For-Profit Colleges Balk at New Rules


Uncle Sam’s new rules are putting a stop to for-profit college abuses, but the schools won’t go down without a fight.

The federal government has been shoving “for-profit” colleges around pretty forcefully in 2010. But some private schools are saying "enough is enough." Could heavier lobbying by such institutions change the student lending landscape, and what will that mean to college-bound Americans?

The issue stems from recent stipulations from the White House dictating what for-profit higher educational institutions can and cannot do when financing student educations. Loosely defined, for-profit colleges are educational institutions run by private, profit-seeking companies or organizations.

The industry has been in hot water due to charges brought on by the U.S. Department of Education. In August, a federal government investigation of 15 for-profit schools uncovered four cases of school officials misrepresenting the programs offered by the schools.

The probe found abuses at schools in California, Florida, Pennsylvania and Texas, including the following, as disclosed by USA Today on Aug. 4:

  • An applicant to a certificate program in California was encouraged to add more dependents in the Free Application for Federal Student Aid, or FAFSA, in order to qualify for Pell Grants.
  • College representatives in Florida, Pennsylvania and Texas suggested undercover applicants not report $250,000 in savings on the FAFSA.
  • One investigator received more than 180 phone calls in a month after registering on a website linking students to for-profit colleges.
  • A representative at a college in Florida told an applicant the school was accredited by the same organization that accredits Harvard and the University of Florida — not true.
  • Representatives from 13 colleges provided inaccurate or incomplete information about graduation rates, guaranteed applicants jobs upon graduation or exaggerated likely earnings.
  • Fourteen colleges had programs that cost more than comparable offerings at the nearest public college.
  • Six colleges told applicants they could not get information on financial aid eligibility until they completed enrollment forms in which they agreed to become a student and paid a small application fee.

For-profit schools could see their federal funding slashed as a result.

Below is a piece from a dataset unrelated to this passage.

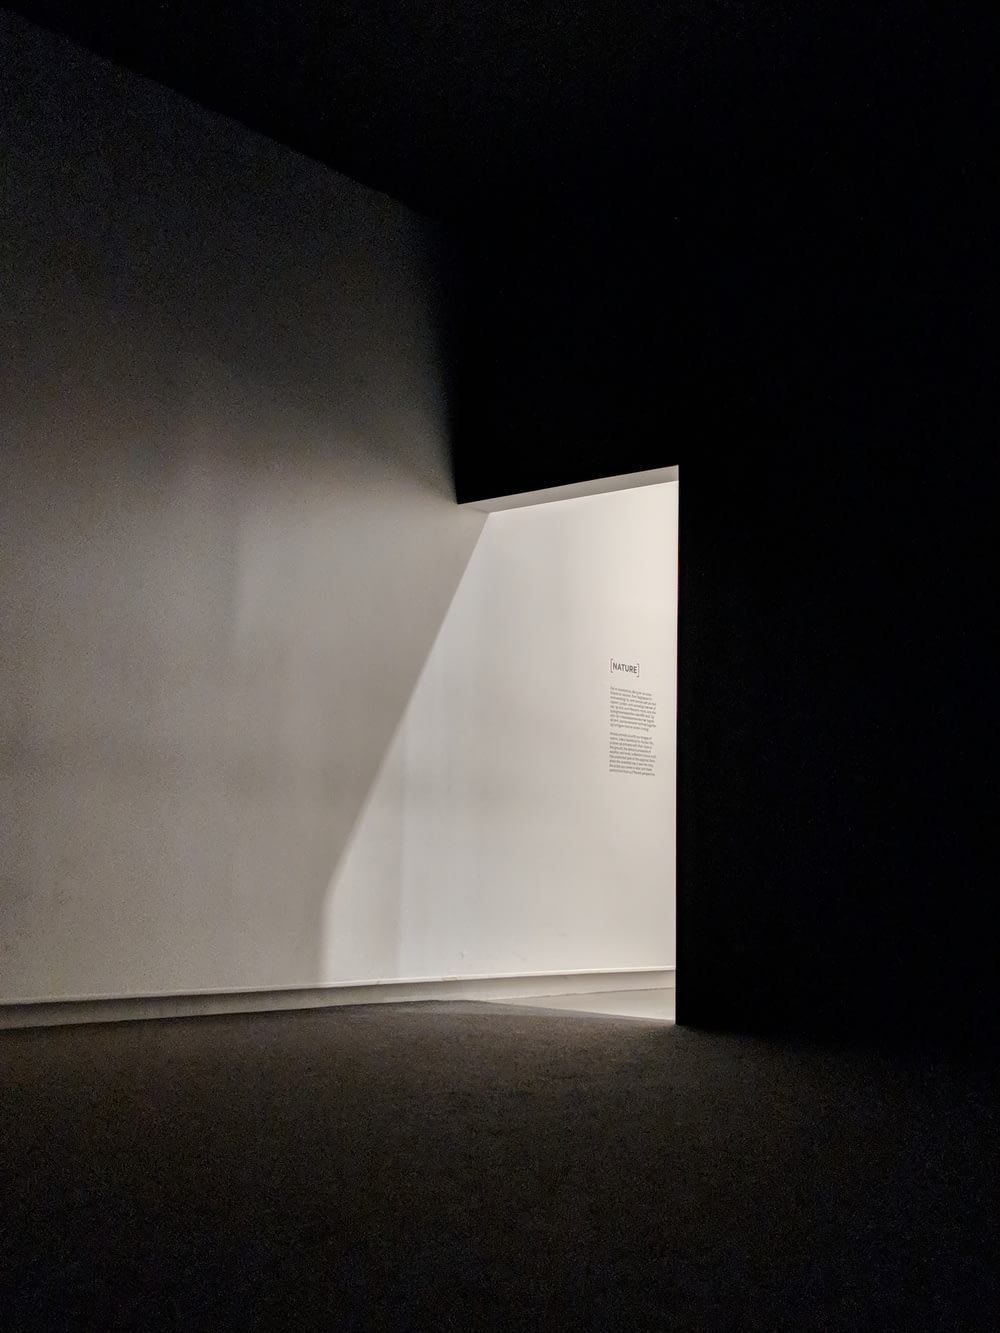 벽을 통해 들어오는 빛이 있는 빈 방

Last year, the U.S. government shelled out $24 billion in loans and grants to for-private schools.

And Uncle Sam is starting to get strict with them, too. In June 2010, the federal government issued a new rule restricting student loans and grants handed out by for-profit schools.

Now, such schools must be able to prove that students who receive a loan must prove they’ll be able to pay it back. In essence, that rule targets the weaker track record for-profit schools have in placing their graduates in good-paying jobs — at least compared to graduates of traditional colleges and universities.

For-profit schools are fighting back with a lobbying campaign backed by students. The Education Department reports receiving 26,000 letters from students speaking out against the new lending statutes, according to a Sept. 7 report from Bloomberg. Most new Education Department rules generate about 400-600 letters in response, the department says.

For-profit colleges are also reportedly pouring huge resources into a lobbying campaign in Washington to convince key congressional leaders like Sen. Tom Harkin (D-Iowa) to rescind those regulations.

The stakes are certainly high. Bloomberg reports for-profit schools are a high-growth industry, with 2.6 million students in 2007-2008 — a 53% increase from the previous year. They also take out a lot more money; 92% of students take out loans at such schools, compared to 60% at traditional colleges.

But if those students can’t get a loan, they can’t attend for-profit colleges. The for-profit college market certainly won’t stand for that, but whether they can rescind the rule or not is up in the air. Even if they lose, for-profits are going to go down swinging.